The Board of Alien Labor Certification Appeals (BALCA) recently upheld the final determination of a Certifying Officer (CO) denying labor certification (LC) for an alien worker for the position of “Landscaper”. This LC was filed prior to the effective date of the “PERM” regulations.
The employer filed a LC on behalf of an alien worker in December 2001. In November 2006, the CO issued a Notice of Findings (NOF) proposing to deny certification. The regulations at 20 C.F.R. § 656.3 define employment as permanent, full-time work by an employee for an employer other than oneself. Generally, the work of a landscaper is only performed during certain seasons of the year. The CO needed more information to determine whether the position required full-time, year round work. The CO asked the employer to provide payroll records for December to Mach for the last three years to establish that the position of landscaper was performed on a year-round basis. The Employer submitted its weekly payroll records for the Alien and two other employees. The Employer’s attorney argued that the employees perform their jobs year-round on a continuous basis working in the months of December, January, February, and March. The CO issued its Final Determination denying certification in June 2007. Simply stated, the CO found that the employer failed to provide evidence to establish that the position was performed on a year-round basis. The Employer’s payroll records for the last three years showed that the Alien and the other two employees regularly worked less than 35 hours in a given week during the winter months. The Employer stated that the future position will perform 40 hours per week during the winter months. Accordingly, the evidence submitted was not sufficient to establish that the position constituted permanent, full-time, year-round employment as defined by the regulations. Subsequently, the Employer requested BALCA review.

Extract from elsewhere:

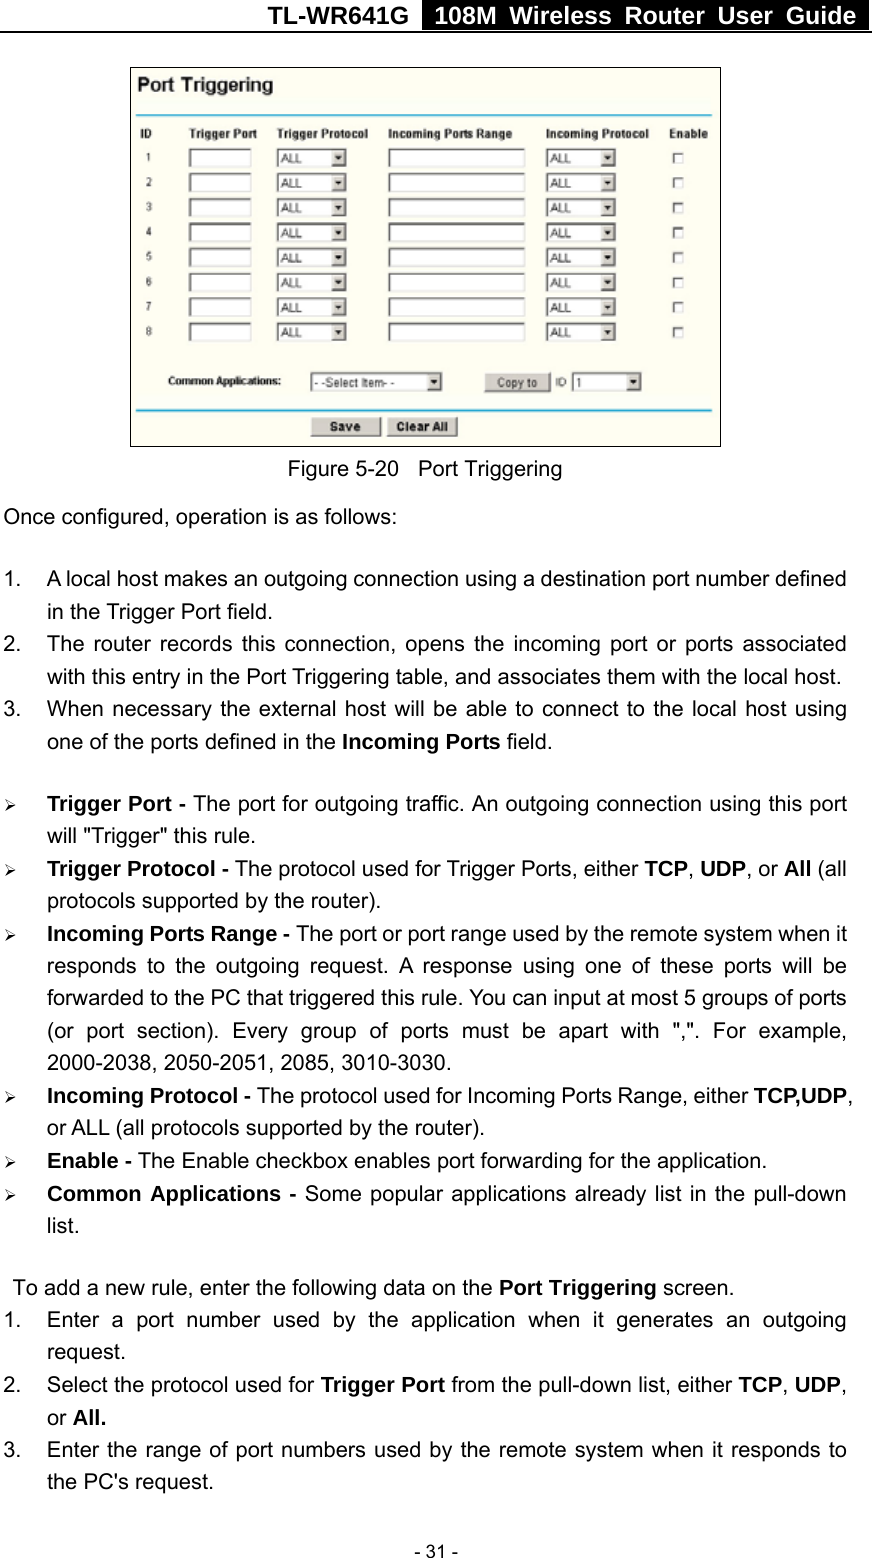 TL-WR641G   108M Wireless Router User Guide   - 31 - Figure 5-20  Port Triggering Once configured, operation is as follows:   1.  A local host makes an outgoing connection using a destination port number defined in the Trigger Port field.   2.  The router records this connection, opens the incoming port or ports associated with this entry in the Port Triggering table, and associates them with the local host.   3.  When necessary the external host will be able to connect to the local host using one of the ports defined in the Incoming Ports field. ¾ Trigger Port - The port for outgoing traffic. An outgoing connection using this port will &quot;Trigger&quot; this rule. ¾ Trigger Protocol - The protocol used for Trigger Ports, either TCP, UDP, or All (all protocols supported by the router). ¾ Incoming Ports Range - The port or port range used by the remote system when it responds to the outgoing request. A response using one of these ports will be forwarded to the PC that triggered this rule. You can input at most 5 groups of ports (or port section). Every group of ports must be apart with &quot;,&quot;. For example, 2000-2038, 2050-2051, 2085, 3010-3030. ¾ Incoming Protocol - The protocol used for Incoming Ports Range, either TCP,UDP, or ALL (all protocols supported by the router). ¾ Enable - The Enable checkbox enables port forwarding for the application. ¾ Common Applications - Some popular applications already list in the pull-down list. To add a new rule, enter the following data on the Port Triggering screen.   1.  Enter a port number used by the application when it generates an outgoing request.   2.  Select the protocol used for Trigger Port from the pull-down list, either TCP, UDP, or All. 3.  Enter the range of port numbers used by the remote system when it responds to the PC&apos;s request.

Upon BALCA review, the Board relied upon case law and held that a landscaper position for which duties can only be performed during several months per year cannot be considered permanent employment for the purposes of labor certification. The Board considered this arrangement seasonal employment. The Board found that the employees averaged between 23 and 26 hours a week from December through February in the 03’/04′ season, 04’/05′ season and 05’/06′ season. Although the Employer argued that the offer for future employment will be 40 hours each week year-round, the evidence submitted did not support such a finding. The Employer did not provide any additional documentation to establish that the position was permanent and full-time. Accordingly, the Board agreed with the CO that the position was for seasonal employment and as a result, the labor certification was properly denied.